Type of Document Dissertation
Author Ashley, Rachel Erin
URN etd-03062017-124217
Title Effects of DNA Geometry and Topoisomerase II Poisons on Human and Bacterial Type II Topoisomerases
Degree PhD
Department Biochemistry
Advisory Committee
Advisor Name Title
John D. York, Ph.D. Committee Chair
Charles R. Sanders, Ph.D. Committee Member
Eric P. Skaar, Ph.D., M.P.H. Committee Member
Neil Osheroff, Ph.D. Committee Member
Timothy R. Sterling, M.D. Committee Member
  • DNA topology
  • topoisomerase II poisons
  • quinolone
  • gyrase
  • topoisomerase IV
  • topoisomerase IIalpha
Date of Defense 2017-01-25
Availability unrestricted
The topological state of DNA has a dramatic effect on nucleic acid processes in cells. Type II topoisomerases are necessary enzymes that help regulate the topological state of the genome, but their activity requires the creation of transient DNA breaks. This potential to induce DNA damage is exploited by topoisomerase II poisons, which stabilize the covalent enzyme-cleaved DNA complex and eventually overwhelm the cell with DNA breaks. Although several topoisomerase II poisons are highly successful chemotherapeutic drugs or antibacterials, much about the interactions between topoisomerase II poisons, type II topoisomerases, and their DNA substrates has remained elusive.

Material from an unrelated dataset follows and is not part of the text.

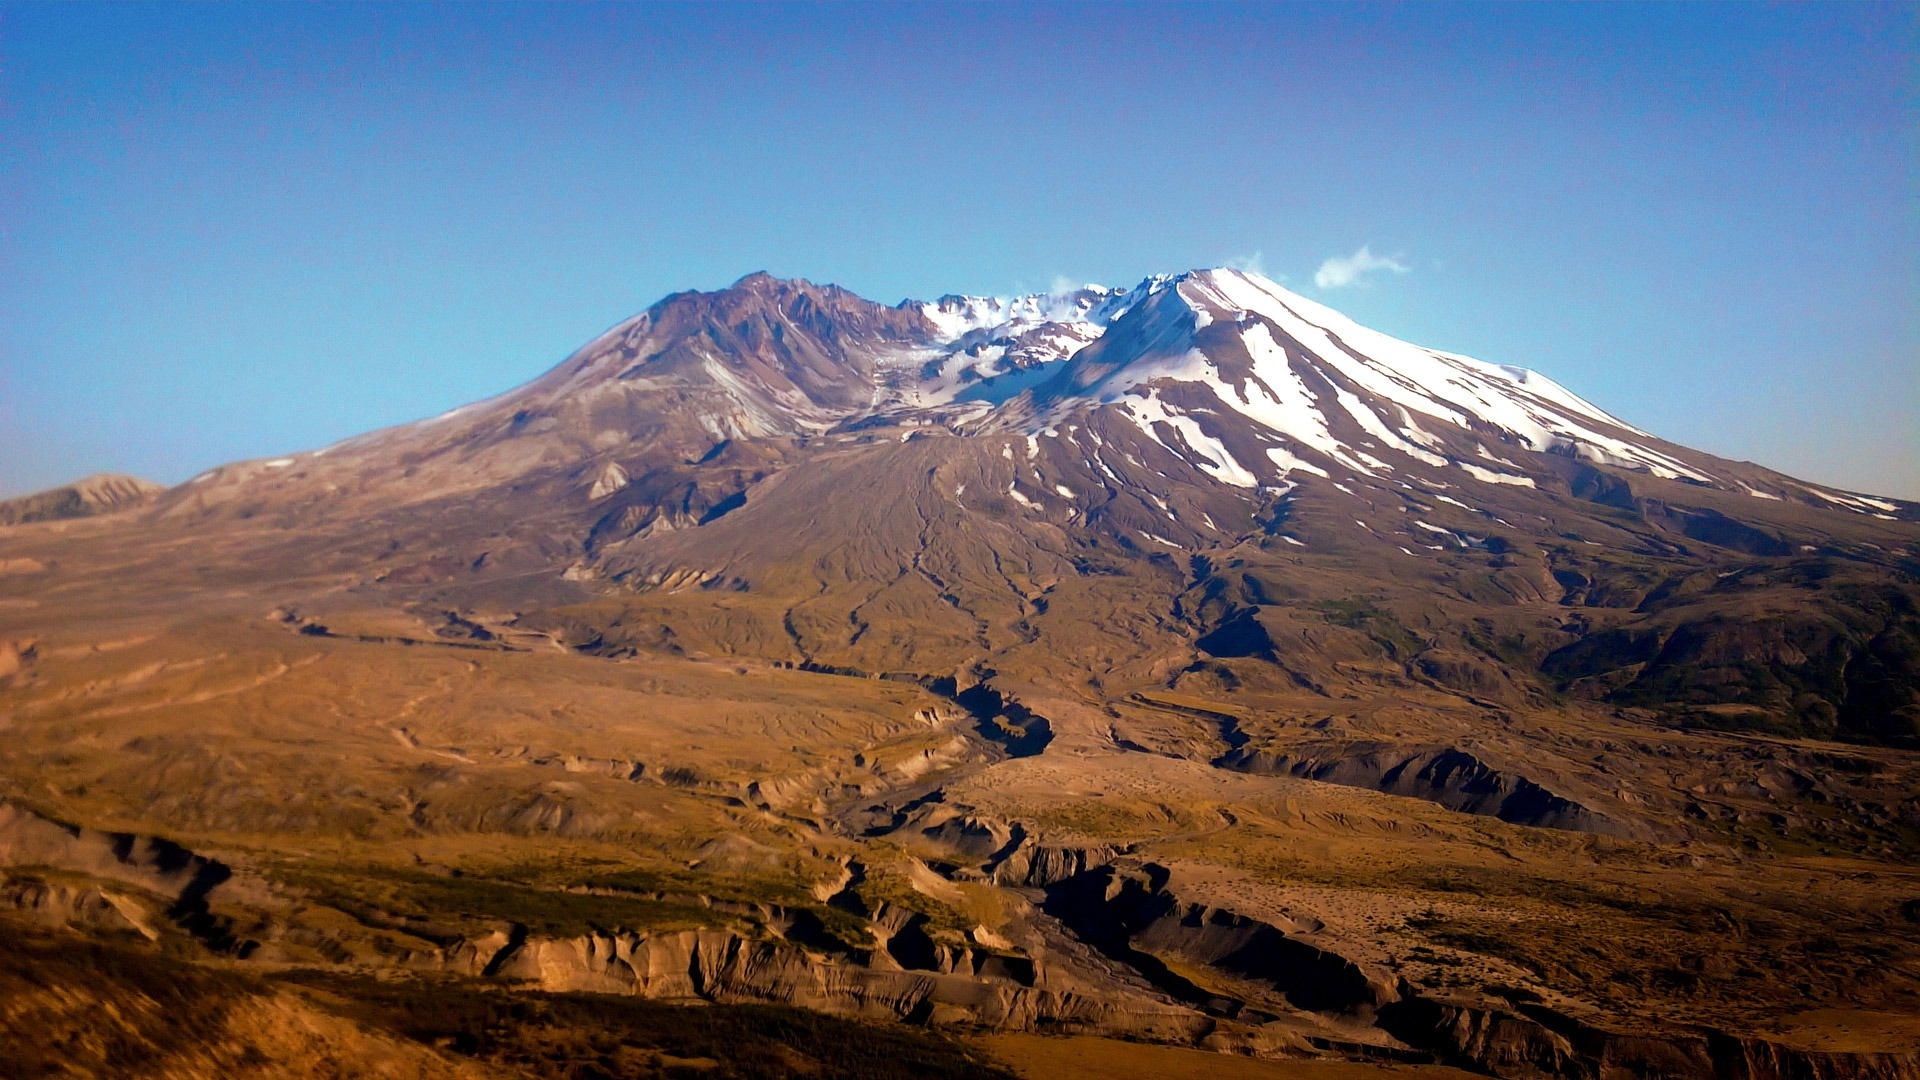 Mount St. Helens, Wilderness adventure, Volcanic ridge, Active eruption, 1920x1080 Full HD Desktop
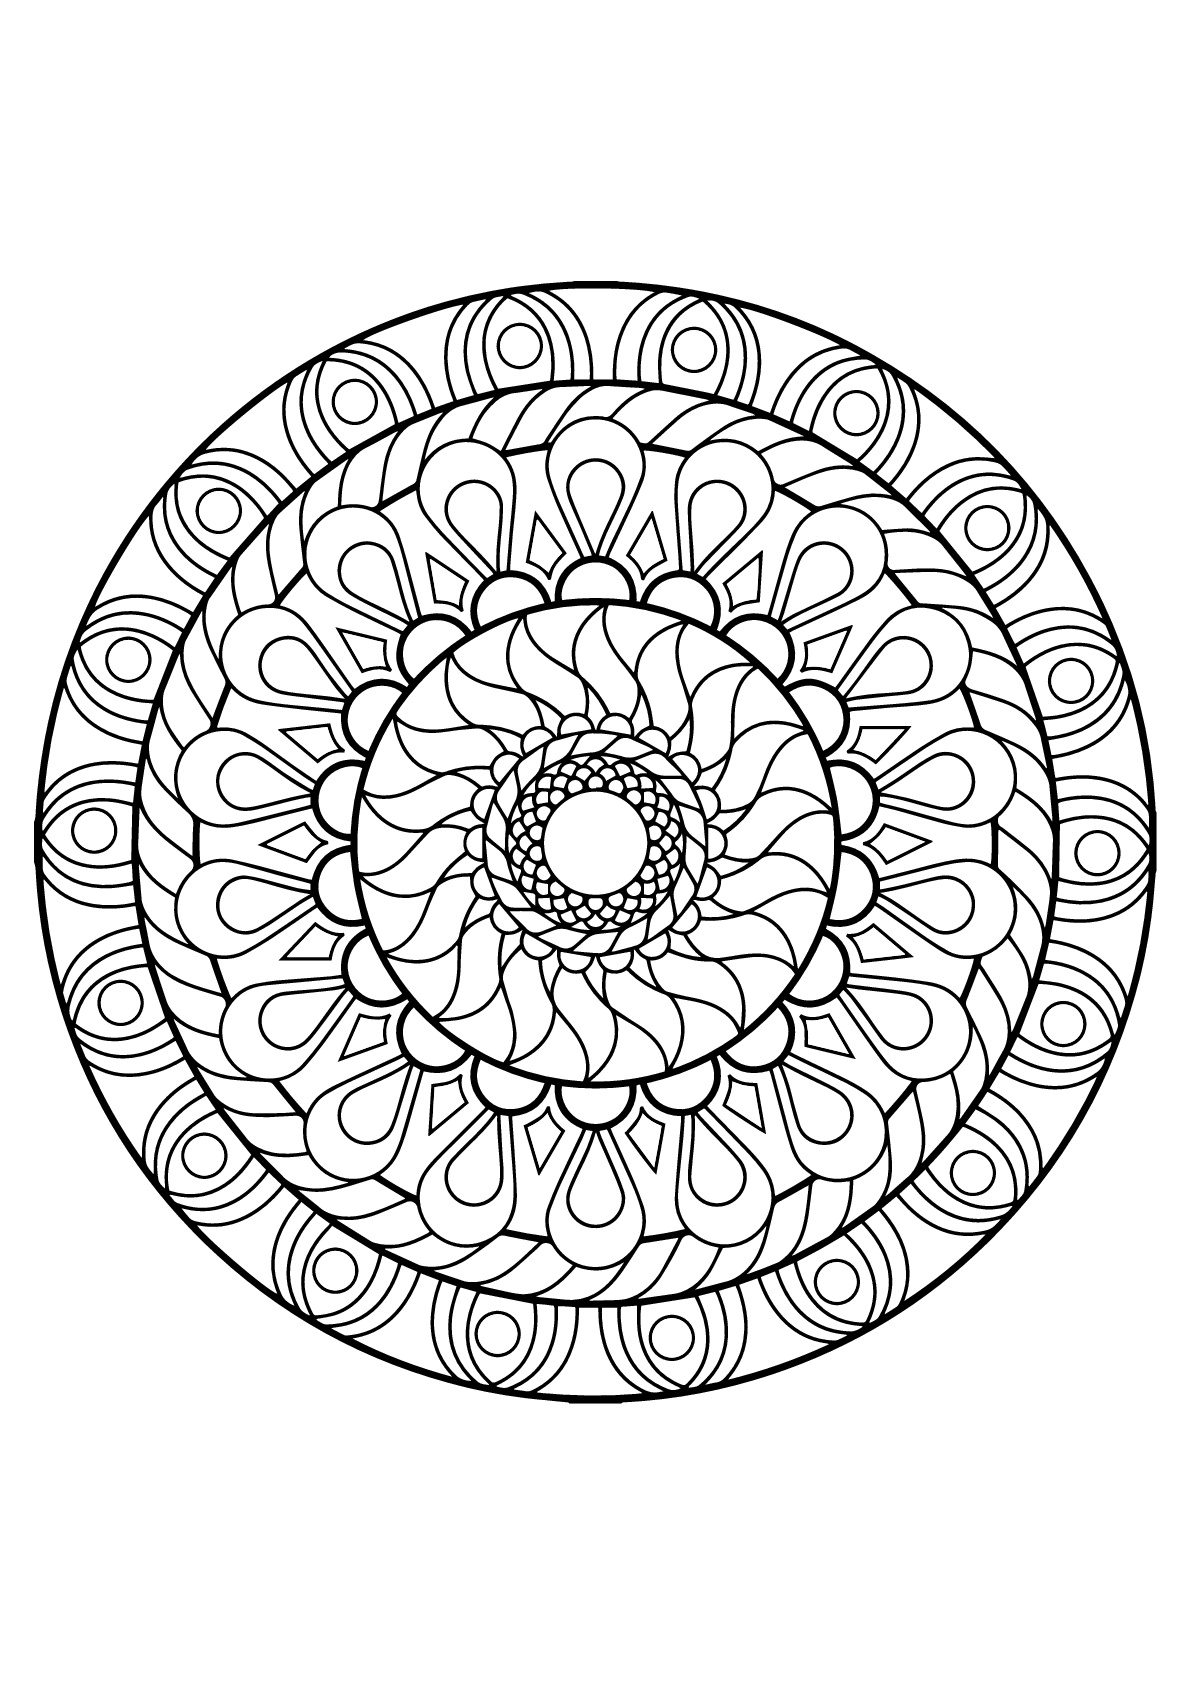 Mandala con varios patrones de Libro para colorear gratis para adultos

The first part of this dissertation examines interactions between human topoisomerase IIα and covalent poisons. Thymoquinone, a natural product from black seed, acts as a covalent poison even in its complex herbal form. This suggests that its chemopreventive properties may be related to its effects on topoisomerases. Covalent poisons cannot enhance cleavage mediated by the catalytic core of topoisomerase IIα, but can still inhibit the enzyme if incubated with it prior to the addition of DNA. Therefore, covalent poisons appear to have multiple interaction sites within the enzyme, although not every interaction stabilizes cleavage complexes.

The second part of this dissertation describes the recognition of DNA geometry by bacterial type II topoisomerases. Bacillus anthracis gyrase relaxes overwound DNA quickly and processively while maintaining low levels of cleavage complexes, indicating that it is well suited to work on overwound DNA ahead of replication forks and tracking systems. Conversely, topoisomerase IV relaxes overwound DNA faster than underwound molecules but is unable to distinguish supercoil geometry during cleavage. Based on results with different constructs of Mycobacterium tuberculosis gyrase, it appears that the ability to distinguish supercoil geometry during cleavage is embedded within the N-terminal domain.

Finally, the last part of this dissertation describes the biochemical basis of interactions between quinolone antibacterials and B. anthracis gyrase. Results indicate that the primary interaction occurs through a conserved water-metal ion bridge. However, altering quinolone substituents can allow for new interactions and overcome resistance.